# Securing Files in ibook to Sell



## andi22w (Sep 23, 2007)

I am going to sell my ibook on ebay, and I would like to ensure that all my files are completely eliminated from the computer. I've heard that reformatting would solve this problem, however, I've since lost my startup disks, and I really do not want to purchase new disks just to reformat.

Is there a better, easier way to ensure that all my files are completely eliminated from the system, so that a new user would not have access? 

Also, how do I change my username so that the buy will not have it? 

I have an ibook running Mac OSX 10.2.8. 

Please help! Thanks!


----------



## Weapongod30 (Aug 13, 2007)

One thing I can think of is this. Do you have a second computer running os x? If so:
1.) Pop your ibook into firewire disk mode by holding the t key during startup.
2.) Connect it to your other computer running OS X via a fire wire cable.
3.) Run disk utility from the computer you have your ibook connected to.
4.) Format your ibook.

Also, a note: If you are concerned about security of your soon-to-be-deleted data, then do this. When in disk utility, and you have your ibook's partition selected and are on the "Erase" tab, click security options. Depending on your level of security needed, choose one of them. "Zero-out Data" should work for your needs, but if you need something better, then choose either 7-pass erase, or 35-pass erase. Just remember that a 7-pass erase takes seven times longer than the "Zero-out data" option, and a 35-pass erase take 35 times longer.


----------



## andi22w (Sep 23, 2007)

Unfortunately, I do not have another mac system - my husband is a Windows man, and we do not (nor do any of my friends) have another mac to use to do this....

Is there any other way?


----------



## Weapongod30 (Aug 13, 2007)

Here is the thing. In orde to reformat your ibook, you need to start up from another source, such as you startup cd, or another mac, etc. You cant reformat your startup disk while it is in use. There are ways to securly delete your files, which I am thinking is the best option for you. As for changing you account username, open up system preferences (apple menu->system preferences, if you didnt know) and click "accounts" Highlight your account and rename it. If you have multiple accounts, and want to delete them, then highlight their names and click the little minus icon in the bottom-right hand corner of the screen. As for a data shredder. Most require you to buy them, but there are some handy apps like this one "ShredIt 5.0" It is called shredit 5.0. If you want your data to be securely deleted, when you delete your files, make sure it overwrites the space with random data.

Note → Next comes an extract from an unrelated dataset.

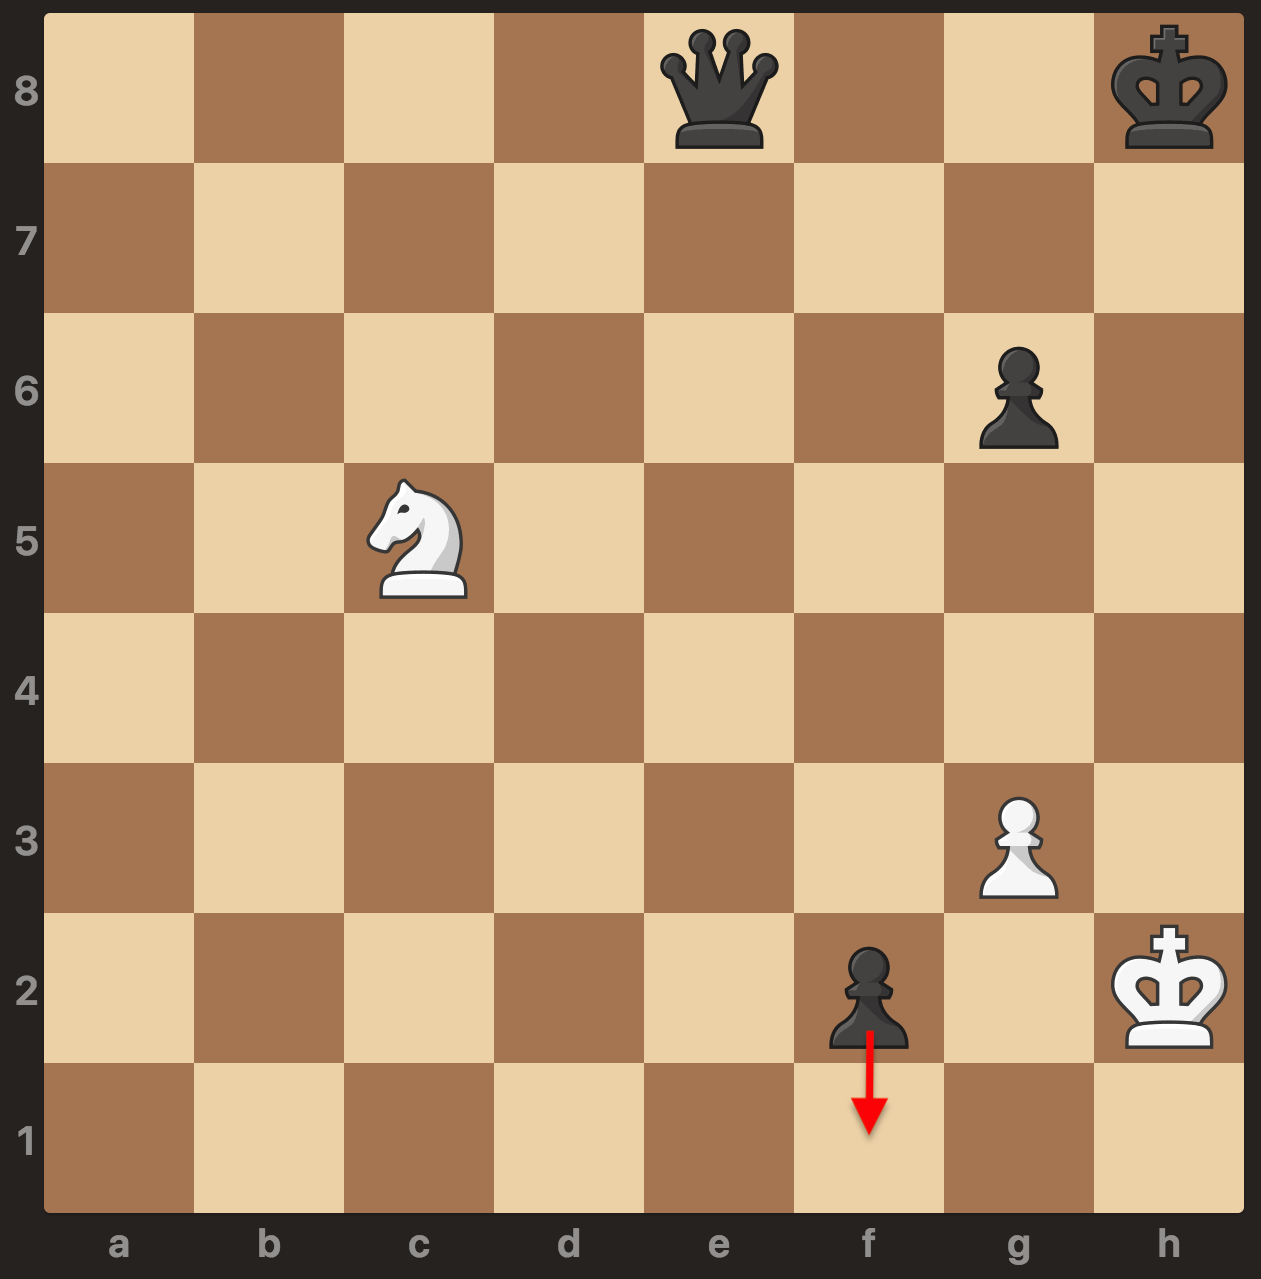 O que significa White is down two pawns and a knight. (about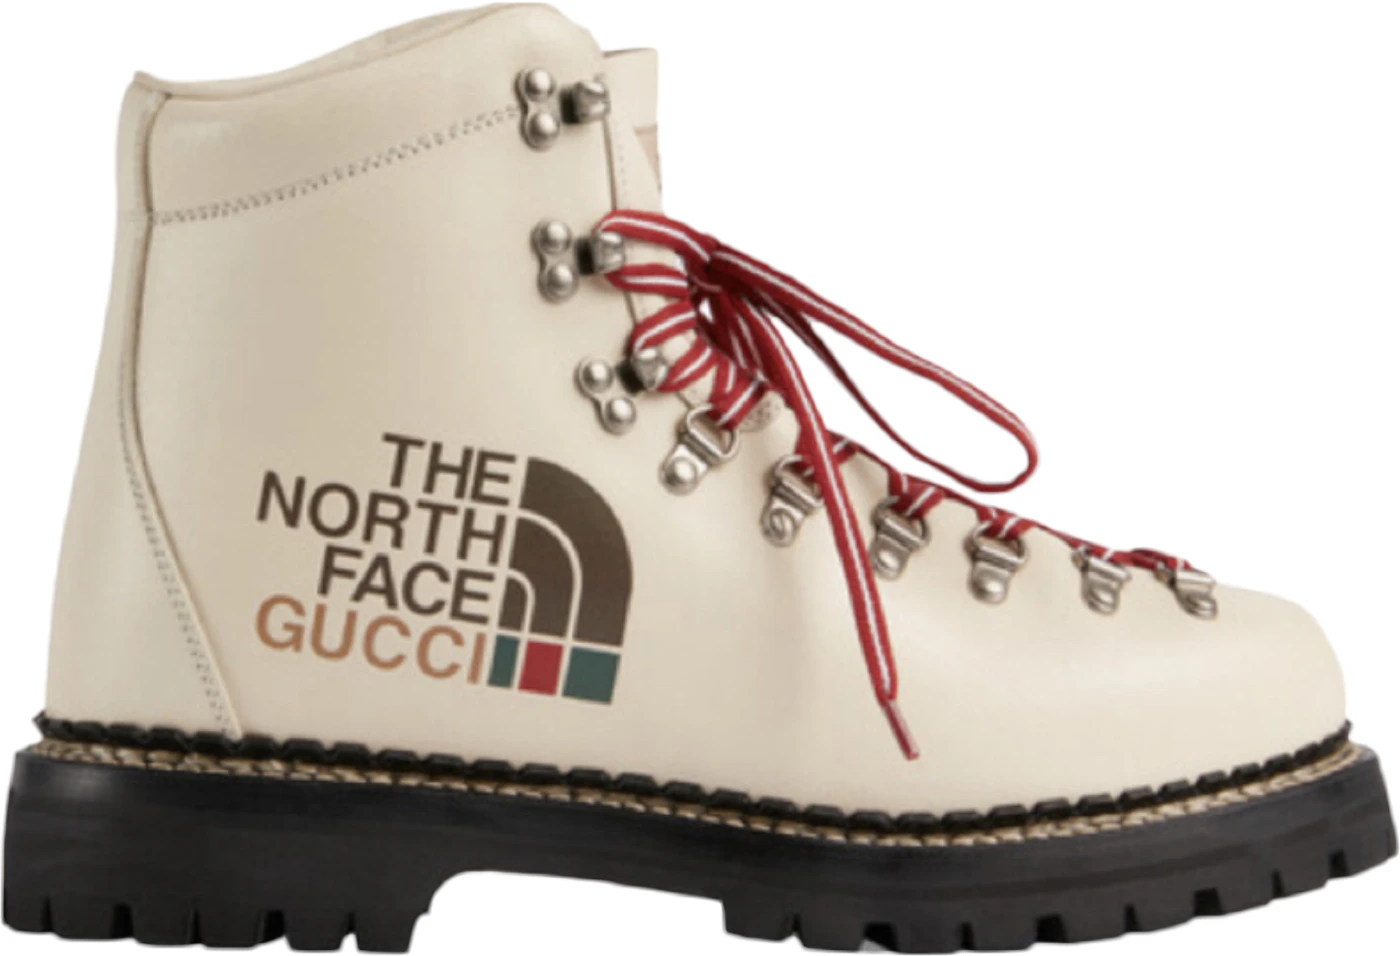 Gucci, Shoes, Gucci North Face Boots

I hope this helps, and if I can think of anything else, I will be sure to post here again.


----------



## sinclair_tm (Mar 11, 2005)

well, you can not change the account name in os x, you can change your name, but the short name is the account name, and that can not be changed. you can create a new admin account and then delete yours from the new account. as for "shredding" old files, the only sure way is to pull the hard drive out and shred it. if they really want to get old info off of the drive, they will, no matter the measures you take, so i think just deleting things will be fine. i would, if i where you, put the ibook into firewire disk mode, connect it to the windows computer and reformat the drive that way, and then sell it as is without anything installed.


----------



## andi22w (Sep 23, 2007)

Wait - so I can reformat at it as described above, but with a connection to a Windows computer?


----------



## Weapongod30 (Aug 13, 2007)

It is possible to do so, if you have a firewire port on your pc. I just didnt think to mention this because I assumed you wanted to sell it ith the os already installed, but I guess you can sell it as a blank laptop. You just cant format it as hfs+ on the windows machine, which is what mac uses. Thanks for mentioning that, sinclair!


----------